Web search: tools to search the web, answer questions based on web content, read and extract information from web pages
File system module: tools to read, create, update, move, and delete files in a cloud file system (Google Drive or Office 365, depending on the user's work environment).
Image processing: tools to edit and query image content
Video processing: tools to edit and query video content
Communications: tools to draft or send email and messages
Document templating: tools to create documents based on parameterized templates
Application libraries: every user can augment their account with connections to other systems. For example, a user may add a Google Drive connection and this automatically enables an AI tool library that allows that user's AI agents to read and write files and spreadsheets and folders in that Google Drive. Another common use of connections is to integrate with an existing enterprise application using the MCP protocol. Learn more about integration with applications.

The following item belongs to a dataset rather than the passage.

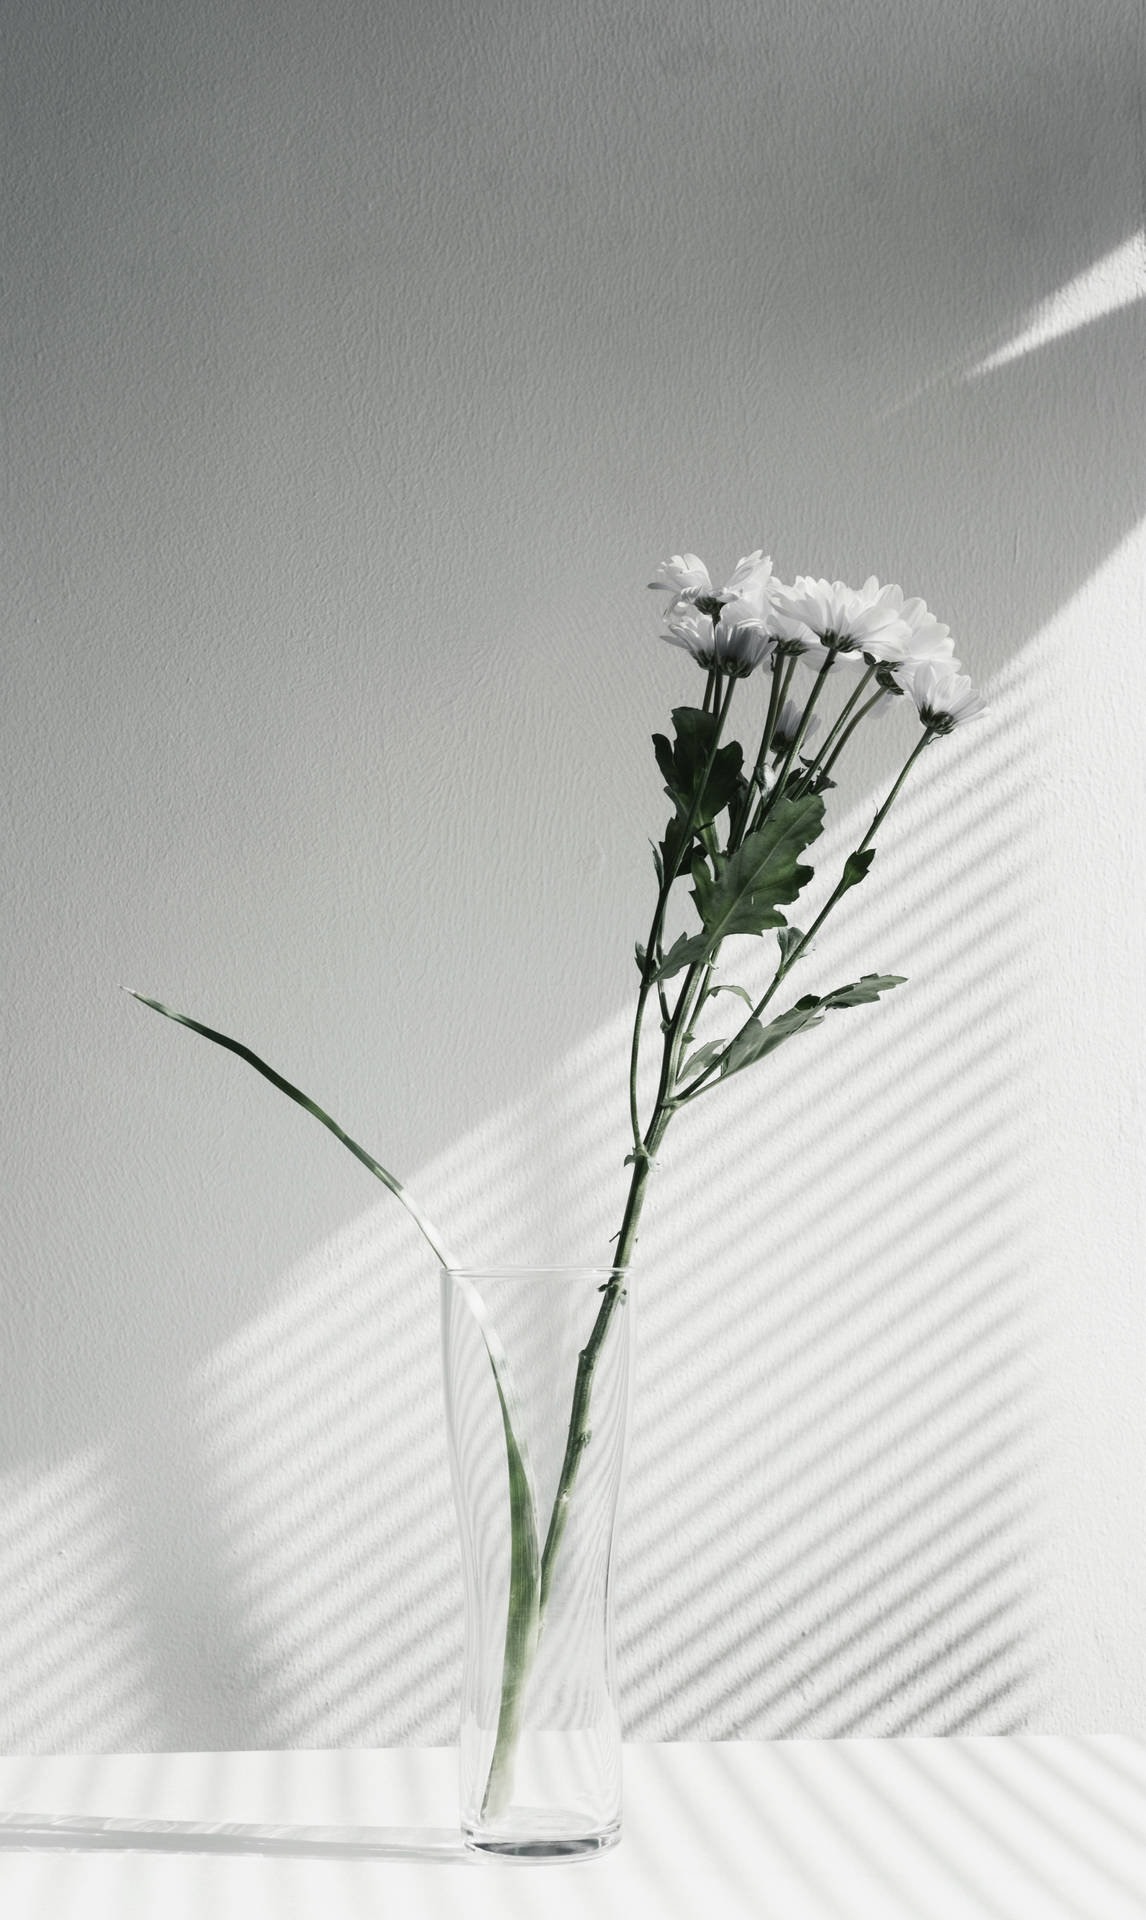 Aesthetic And Minimalist Flower Picture

Imported thunk libraries: users can define AI tools in one thunk and export them to share and reuse across other thunks (of their own or for access to other users as well). There are many benefits to such modular reuse, especially when teams of users are implementing many AI agent automation processes. Learn more about modular reuse of thunks.
Platform libraries: some of the internal capabilities of the platform (eg: dynamic planning, or reflection, or workflow state update) are also represented as AI tools. While the user cannot directly author these tools, they can be configured in the same way as any other AI tool.
Custom "This-Thunk" Tools
In each thunk, the owner/admin (with the help of their AI agent) can also create custom AI tools (eg: to connect to specific enterprise systems or databases). There are four categories of custom AI tools: API tools, database tools, code-based tools, and intelligent tools.
REST API Tools
API tools that can invoke any REST API using HTTPS. The API tools can utilize connection credentials that have been saved at the account level. This ensures that connection credentials do not have to be repeated in every tool.

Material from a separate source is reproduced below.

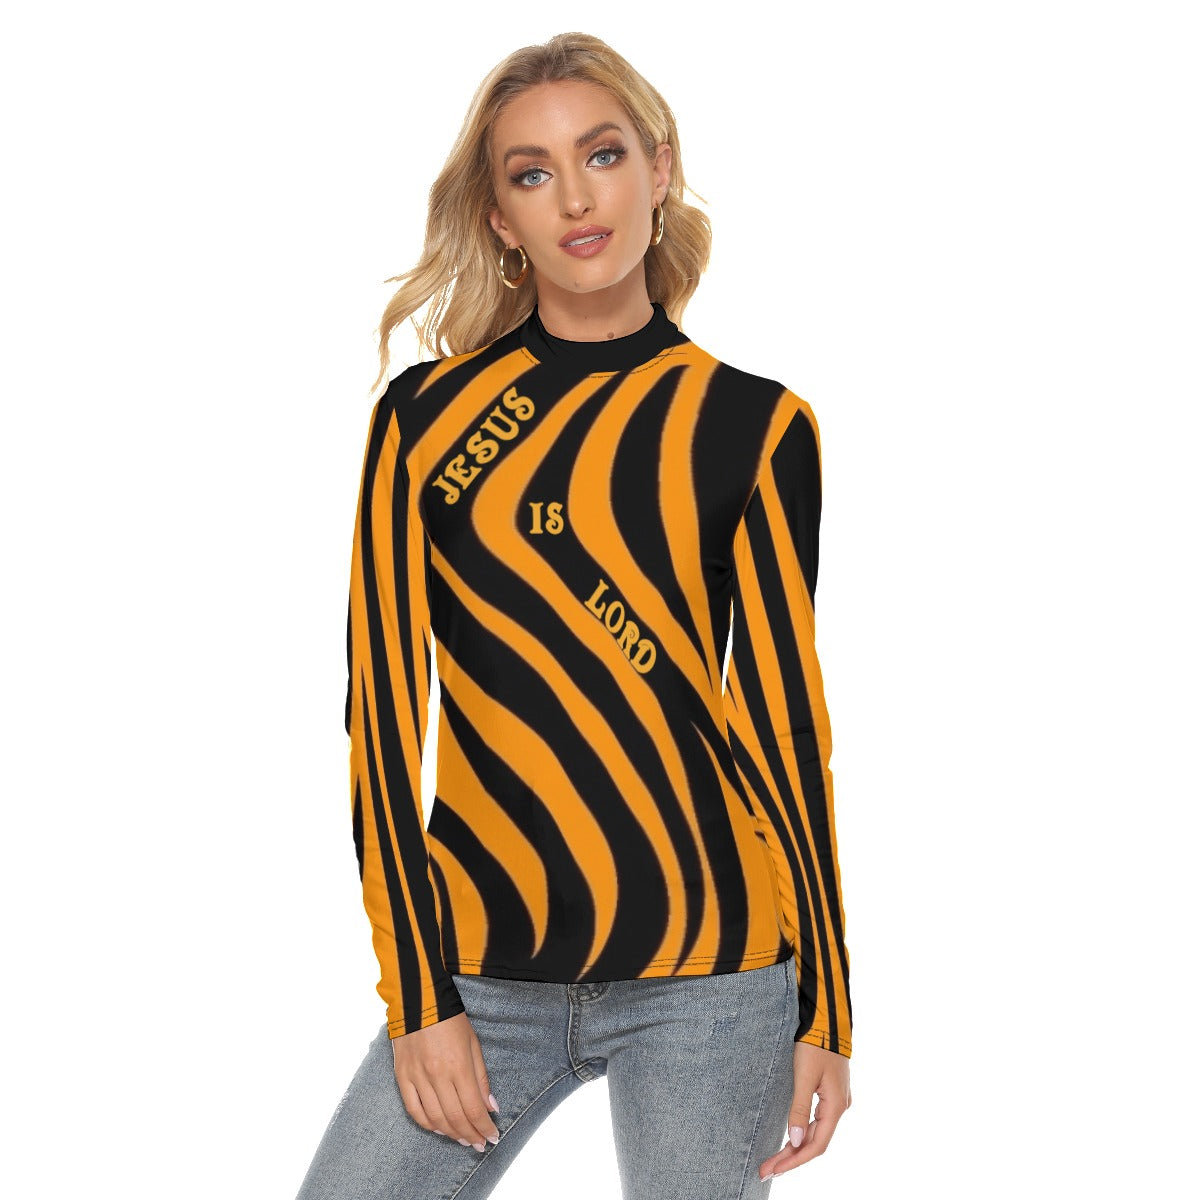 All Over Print Women's Stretchable Turtleneck Top

API tools have completely deterministic behavior and act as an interface between the intelligent logic of a thunk and traditional software systems.
Database Tools
Database query and update tools that invoke any SQL commands with a database connection. A variety of database connection types are supported.

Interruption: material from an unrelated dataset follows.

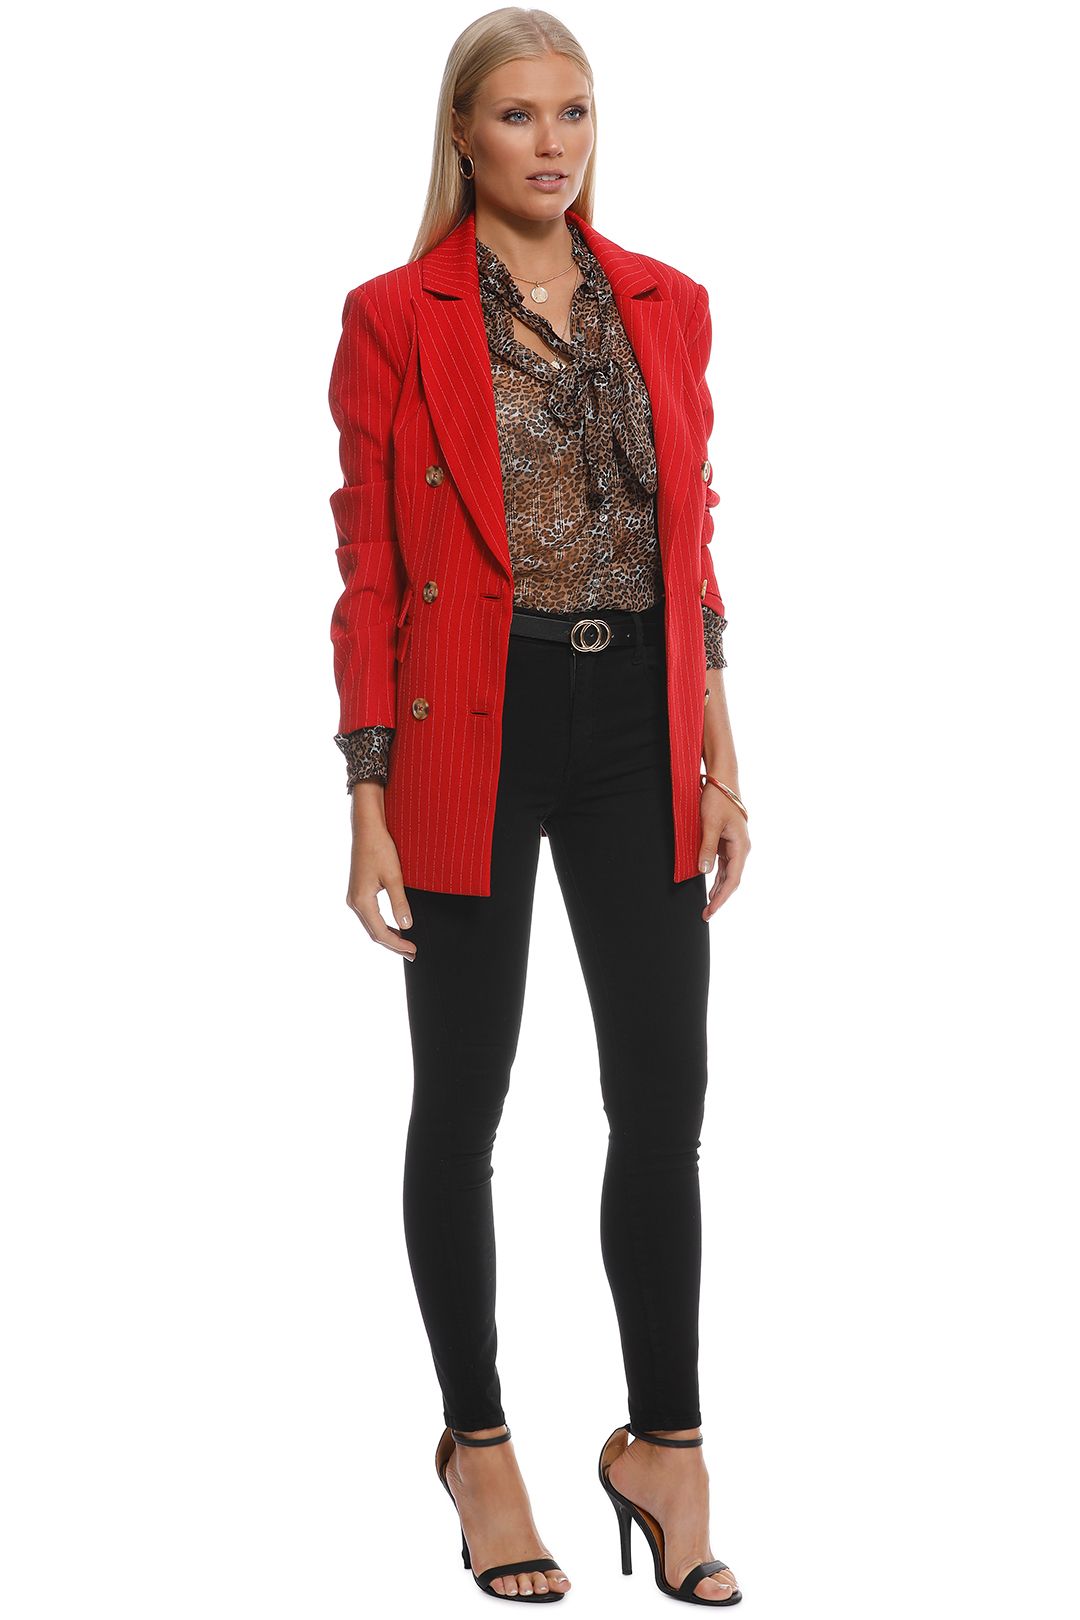 CMEO Collective - Go From Here Blazer - Red - Side

Database tools have completely deterministic behavior and act as an interface between the intelligent logic of a thunk and traditional database systems which hold a lot of enterprise data and context.
Code-based Tools
Code-based tools that implement logic using deterministic Typescript code. This code is hosted in a safe sandbox. Such code-based tools are useful for special-case modular logic that requires the complexity of traditional code. Often, these tools are used to parse a complex data payload coming from another system.
Intelligent AI-based Tools
Intelligent tools combine natural language instructions with existing tools to build nested AI logic wrapped into the form of a tool. This is a powerful and modular way to construct AI applications. Each intelligent tool has its own AI instructions (prompts, tool configuration, etc) and runs as an independent AI agent on each invocation. Since the same tool can be used in different steps of a thunk, this becomes a mechanism to define and reuse modular AI logic within a thunk. And also, cince tools can be exported from the thunk in the form of an exported tool library, it adds greater power to reuse modular AI logic across multiple thunks.
Content-based Tools
Each of the content folders in a thunk is automatically associated with a search tool that allows an AI agent to search the content and find relevant information.
Tool Configuration
It is important that an AI agent gets the AI tools it needs, but it is also important that unnecessary tools are not provided. These can add cost, delay, and even cause unreliable agentic behavior.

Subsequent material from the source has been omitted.